Perhaps the nicest thing about the story is the character development. In the first modern PoP, the Prince was brave, but unsure. He was courageous, but noble. In the second, the Prince was blood-thirsty and nearly conscienceless due the weather of his circumstances. As the name suggest, The Two Thrones finds the Prince struggling between the two halves of his personality. This dichotomous struggle between light and dark really adds a depth to his story that wouldn’t have otherwise been possible.
They say that the “Devil is in the Details” and Ubisoft seems to have taken that advice to heart as it relates to the graphics in PoP: The Two Thrones. Little effects like light filtering in behind a swaying curtain help to immerse the player in the already rich backgrounds. The platforming elements contained within them are (with a few exceptions) cleverly disguised. They are varied enough to avoid becoming stale, but consistent enough to not seem disjointed. The smooth animations make the already impressive fighting and platflorming look even more lifelike. The character models are well detailed and, like the environments, varied enough to avoid getting stale. There are some minor clipping issues, and an occasional problem with the camera. Often these problems aren’t game breaking, but occasionally the camera can interfere with the platforming elements to a frustrating degree.
In traditional PoP style, the gameplay in Two Thrones is top notch. It’s a good thing too, because the series has been returned to it’s roots, and the result is an innovation and intensity that many platformers are missing. You will control both the Prince, and his dark alter ego. The Prince’s sections are often heavier on the platforming side, with occasional combat. The Dark Prince’s sections are more heavily combat based, with occasional platforming. I must say that I preferred the Prince’s sections due to the amazing platforming action, but The Dark Princes sections were definitely enjoyable while they last.
Combat is styled in a similar fashion to The Warrior Within. It is free form, which allows the player to string together impressive looking combo’s on several different enemies at once. Once again, I can’t stress enough how the superb animation adds to the ferocity of the attacks. The Dark Prince adds a new dimension to the combat by using a bladed chain weapon. This weapon controls similarly to the combat in God of War, only not quite so fluid. His weapon also gives him the ability to swing from certain items, however you’ll find that it’s only useful in a few specific instances.
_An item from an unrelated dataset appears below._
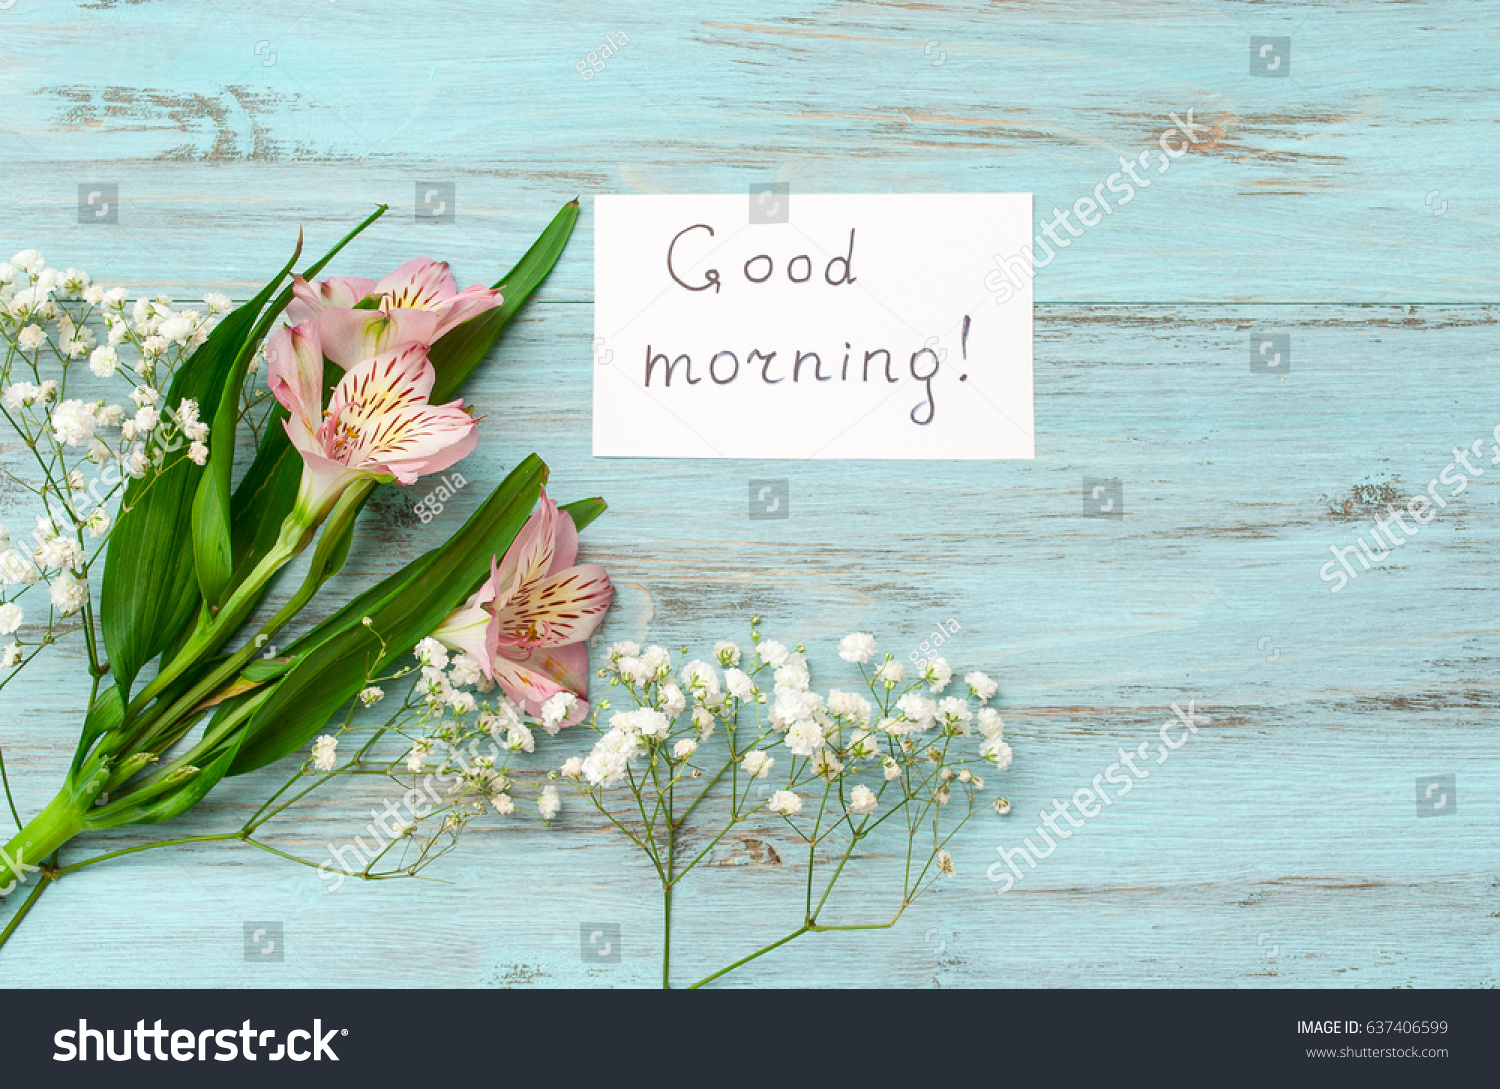 
Flowers and the inscription "Good Morning" on a wooden, turquoise background. The concept of happiness and joy. #637406599
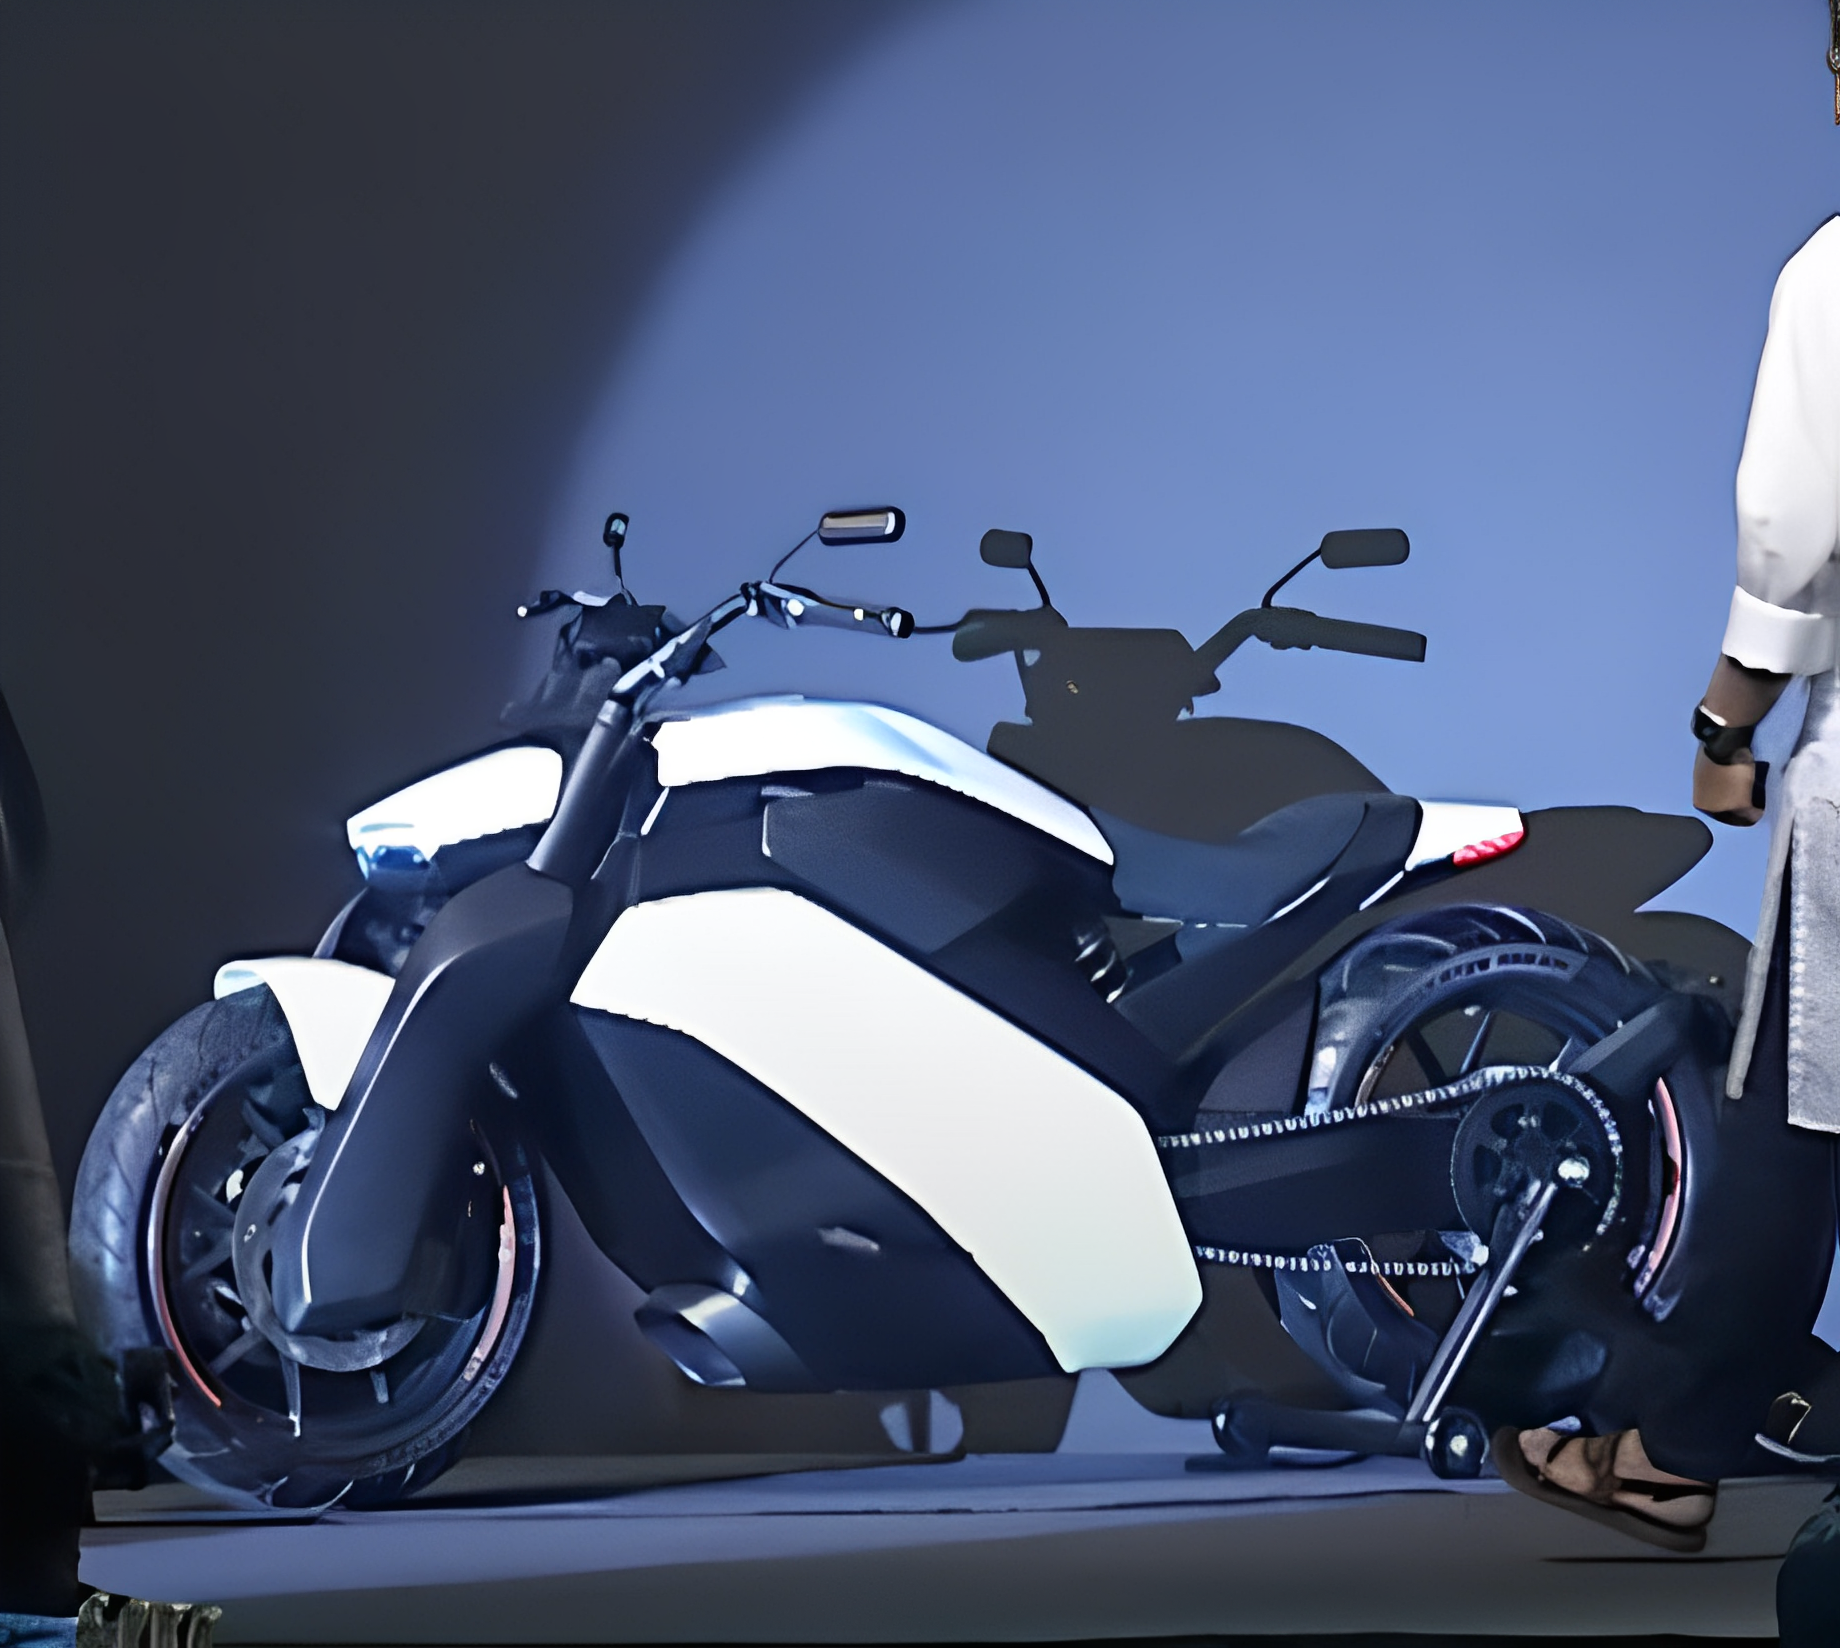 https://e-vehicleinfo.com/ola-electric-unveiled-4-new-electric-motorcycle-cruiser-adventure-roadster-and-diamondhead/

Not just content to mine gameplay from the previous games in the series, several new gameplay elements have been added to the series this years. Elements like Splinter Cell-like splits between two walls and burying your dagger deep into a wall to advance add to the already deep platforming gameplay. New combat additions include a new quick kill (which is activated by sneaking up behind an enemy and then timing your button presses to match the on screen prompts) and several others.
Occasionally there are some control issues (Jump-Roll being on the same button, collision detection seems off for some platforms) that I would like to see ironed out if there is a fourth title in the series, but overall the control is tight for most of the fighting and platforming.
Thankfully, the series has dropped the heavy metal soundtrack of the last game and returned to a more cinematic score. The voice acting is decent overall, but sometimes slips into the realm of the overdramatic. Sound effects are what you would expect from an action title, lots of clashing swords and grunts, but they fit into the context of the gameplay very well.
For fans of the PoP series, The Two Thrones will feel like a return to glory. I would definitely recommend this title for everyone from fans of the first title who were let down by the second, to fans of the second who were overwhelmed by the first, and even fans who have yet to experience the series. While some people will invariably compare this title to its predecessors, it also stands on it own as an extremely crisp, accessible, and impressive platformer that is well worth taking for a spin.